In view of these regulatory developments, any invention based on DSI sourced from India now requires prior approval from the NBA before filing for intellectual property rights. Patent applications must thus demonstrate compliance through ABS documentation and the agreed BS processes. Filing a foreign patent application without NBA approval can lead to penalties, and the patent may be challenged or invalidated later.
South Africa’s ABS framework under its biodiversity law likewise mandates PIC and MAT for commercial access to both biological resources and associated traditional knowledge. Its national ABS regulations embed DSI utilization within the same legal structure as tangible GRs. In particular, South Africa’s 2013 amendment to its National Environmental Management: Biodiversity Act, 2004, contains a definition of GRs that includes any genetic material, or the genetic potential, characteristics or information of any species, whether gathered from the wild or accessed from any other source. 30 On this basis, South Africa requires benefit sharing from uses of DSI on GRs, whether stored in public or private databases. 31
VI. IMPLICATIONS FOR BIOTECHNOLOGY
Biotechnology developers must integrate ABS compliance into upstream R&D, particularly when using GRs or knowledge from these countries—even if synthetic or digital. Multiple overlapping obligations are possible, such as having to make payments in bilateral ABS deal after paying into the Cali Fund, or multiple, overlapping demands of BS in multiple jurisdictions, perhaps in connection with a plurality of treaties, e.g., CBD/Nagogya, the Plant Treaty, and the BBNJ Agreement.

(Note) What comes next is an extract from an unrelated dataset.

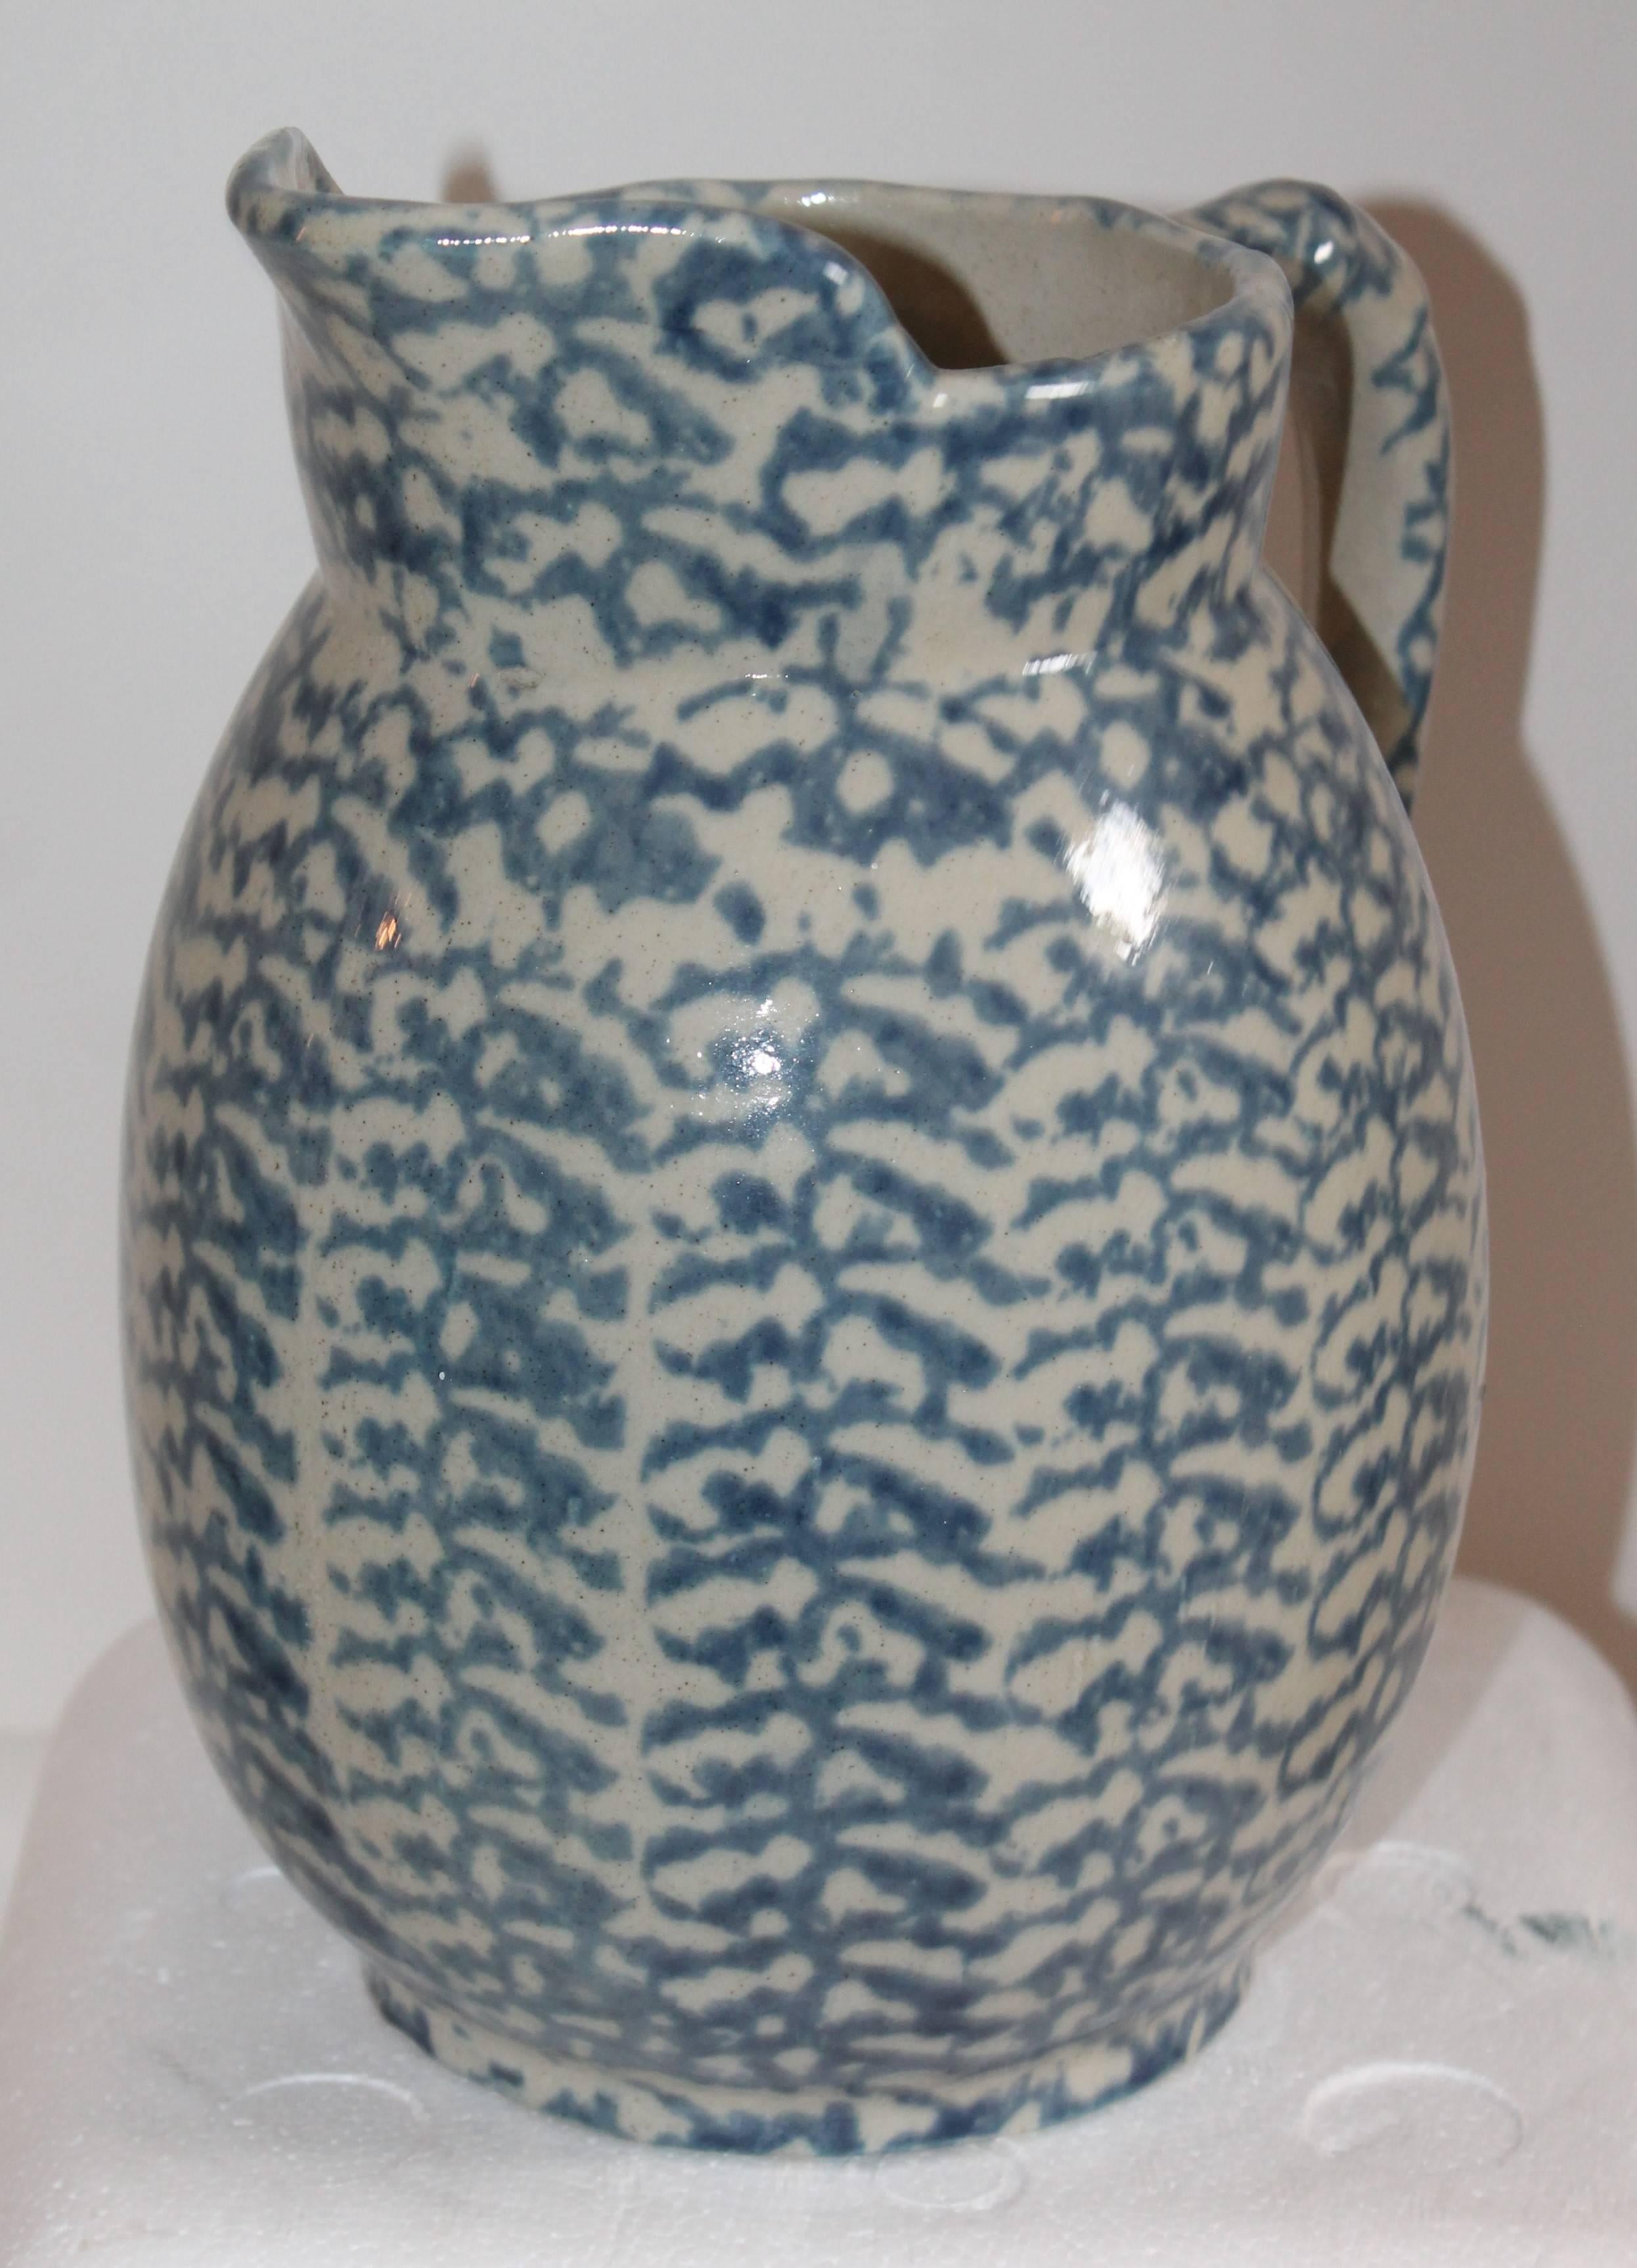 This sponge ware pitcher is most unusual and in very good condition. The surface is more like a salt glaze finish.

A World Health Organization (WHO) Secretariat report from 2016 stressed that the manner in which the Nagoya Protocol is implemented will significantly affect the ability of biopharmaceutical researchers in both the public and private sectors to respond to public health crises in a timely manner. 32 Delays or legal barriers in accessing DSI (e.g., pathogen genetic data) could critically slow vaccine or diagnostic development. GSK issued a public policy position article in 2025 making the same point and emphasizing the need for clear, proportional ABS rules and special treatment for pathogens and their genetic data in order to facilitate timely access during public health emergencies. 33
Biotechnology companies are responding by crafting jurisdiction-responsive ABS compliance mechanisms and employing centralized databases to track the use of GRs and related DSI used, jurisdictions, permits, IRCCs, and MAT contracts, thereby facilitating audits and declarations. They often employ R&D contracts that include ABS clauses referencing DSI policies in various jurisdictions, enabling automated red flags when DSI from high-interest regions is utilized. Company and trade groups have also actively engaged in international policy dialogues to shape norms on DSI and ABS, aiming for clarity and global harmonization.